A) Effect of CORM-3, NAC-CORM and NAC at 100 μm on the inhibition of NO production (% control) in LPS-induced RAW264.7 cells. B) Effect of NAC-CORM, CORM-3 and NAC at 150 μm on the expression levels of TNF-α in the supernatant of the adenocarcinoma cell line Caco-2, measured by ELISA. Cytokine expression was measured 4 and 12 h following treatment with 150 μm of NAC-CORM, CORM-3 or NAC. Statistically significant differences found after two-way ANOVA post-hoc test using Bonferroni method are marked as * (P<0.05).

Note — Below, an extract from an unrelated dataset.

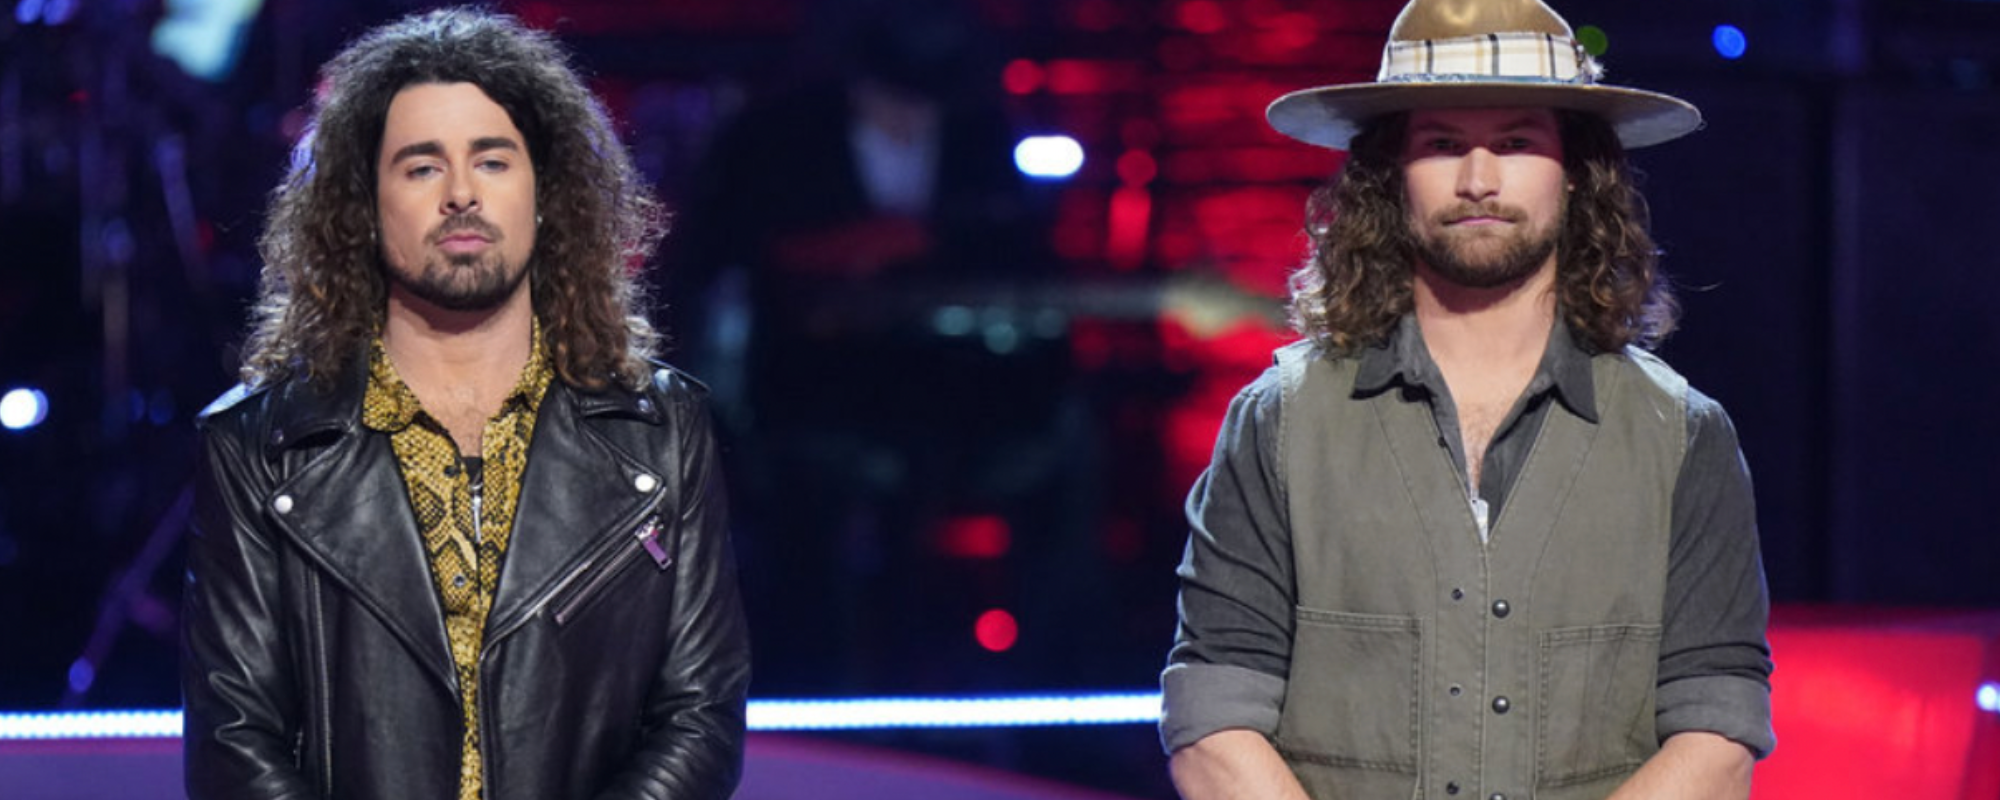 Kason Lester Battles Walker Wilson with “Here Without You” on ‘The Voice’

In summary, we have produced and characterised a [RuII(CO)3Cl2(NAC)] complex that simultaneously delivers CO and abolishes ROS formation. Unlike other CORMs of the general formulae [Ru(CO)3(L)3]2+, such as CORM-2 and CORM-3, NAC-CORM favourably reduces the levels of ROS that derive from the hydrolytic instability of such complexes in water. In addition, our studies using the CO-selective probe COP-1 showed evidence that NAC-CORM is more stable compared to CORM-3, as evidenced by a slower CO release kinetics in aqueous solution. Importantly, the NAC and CO delivered after hydrolytic decomposition of the NAC-CORM complex act synergistically showing an enhanced anti-inflammatory activity, as demonstrated by both nitrite reduction and inhibition of expression of TNF-α. Collectively, our data suggests combining of CO releasing motifs based on metal carbonyl scaffolds with ligands that may act synergistically to elicit an enhanced anti-inflammatory response.